#### To do
Set every line of the data down again exactly, and keep the pictures out.

#### Data excerpt
--
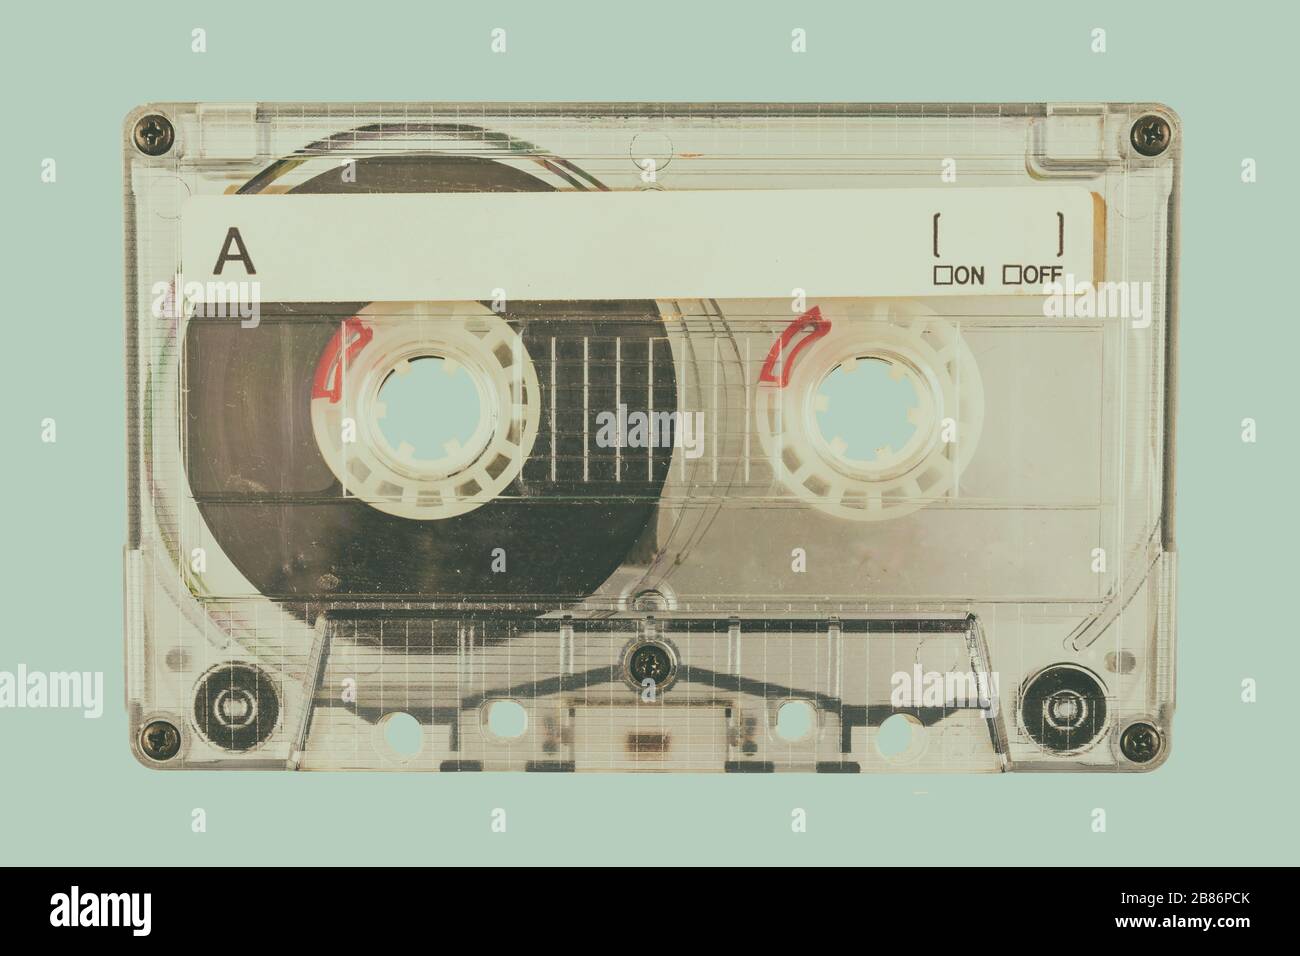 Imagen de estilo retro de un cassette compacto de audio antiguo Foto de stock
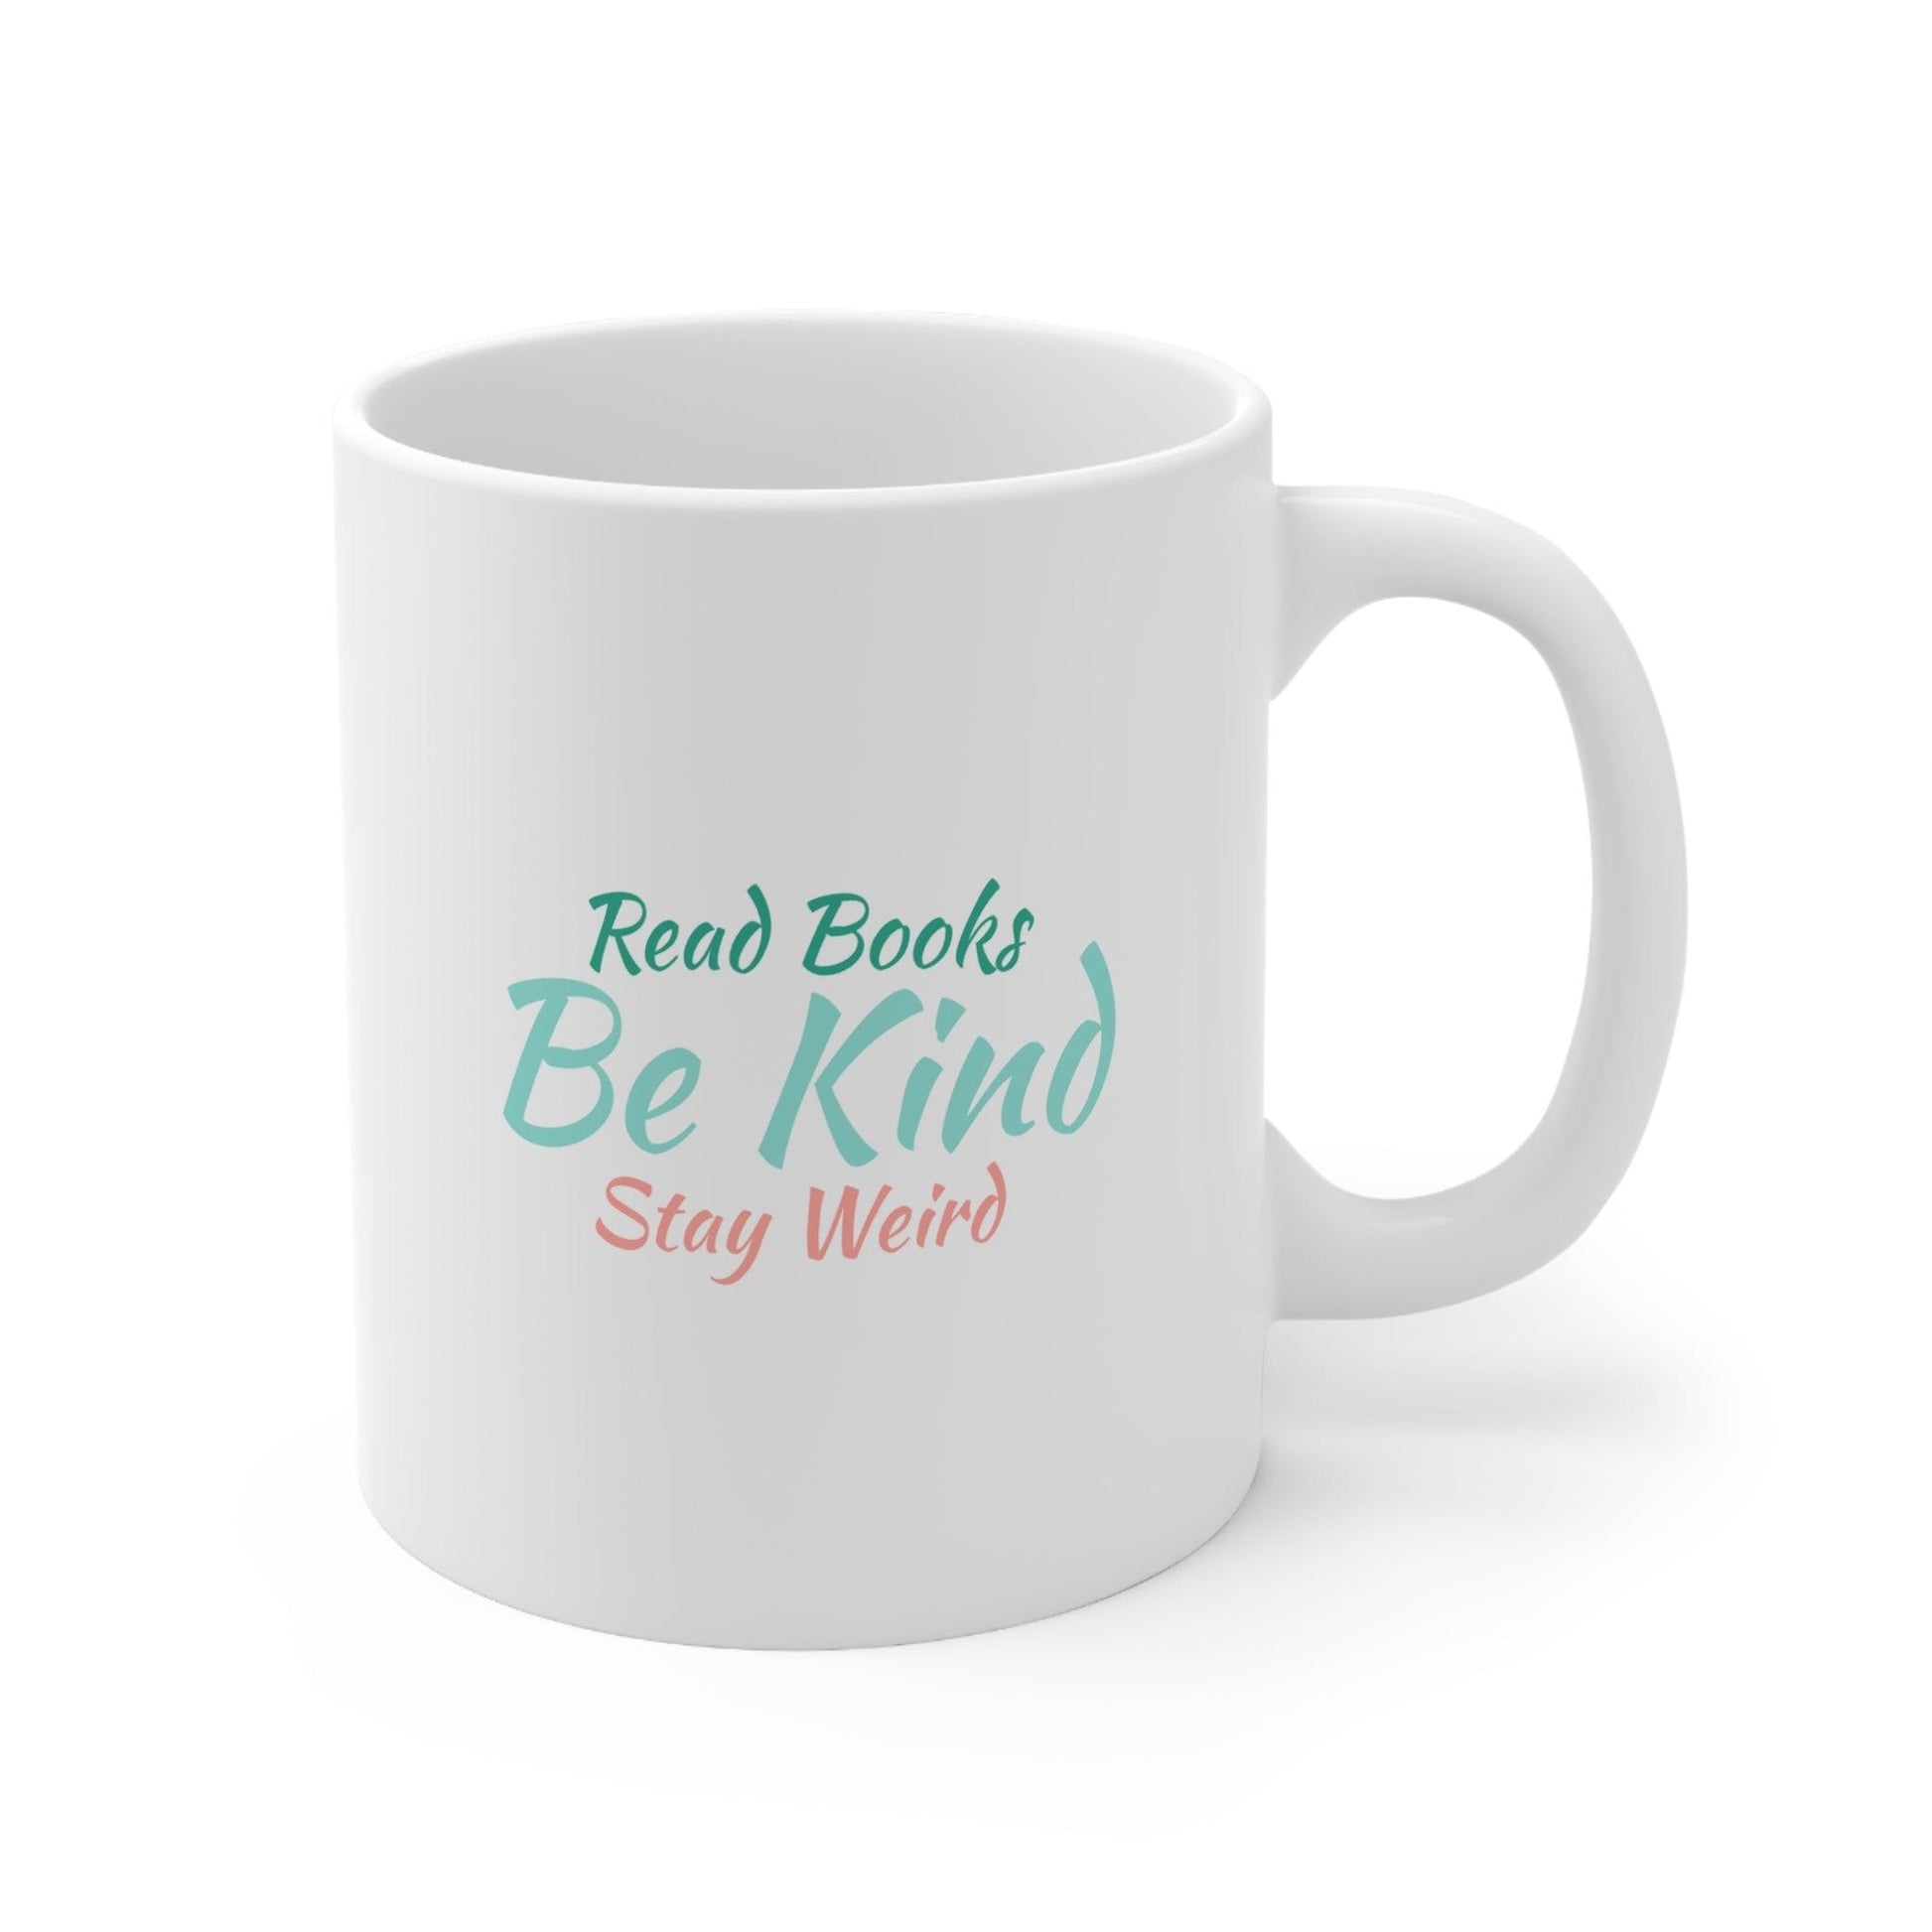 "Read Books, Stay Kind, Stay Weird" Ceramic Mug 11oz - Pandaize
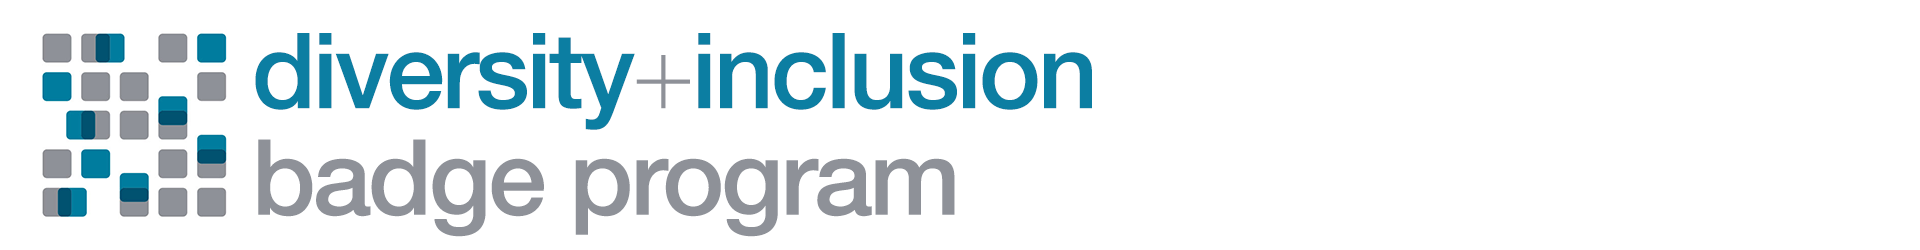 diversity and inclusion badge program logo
--
#### Your response
 Imagen de estilo retro de un cassette compacto de audio antiguo Foto de stock
 "Read Books, Stay Kind, Stay Weird" Ceramic Mug 11oz - Pandaize
 diversity and inclusion badge program logo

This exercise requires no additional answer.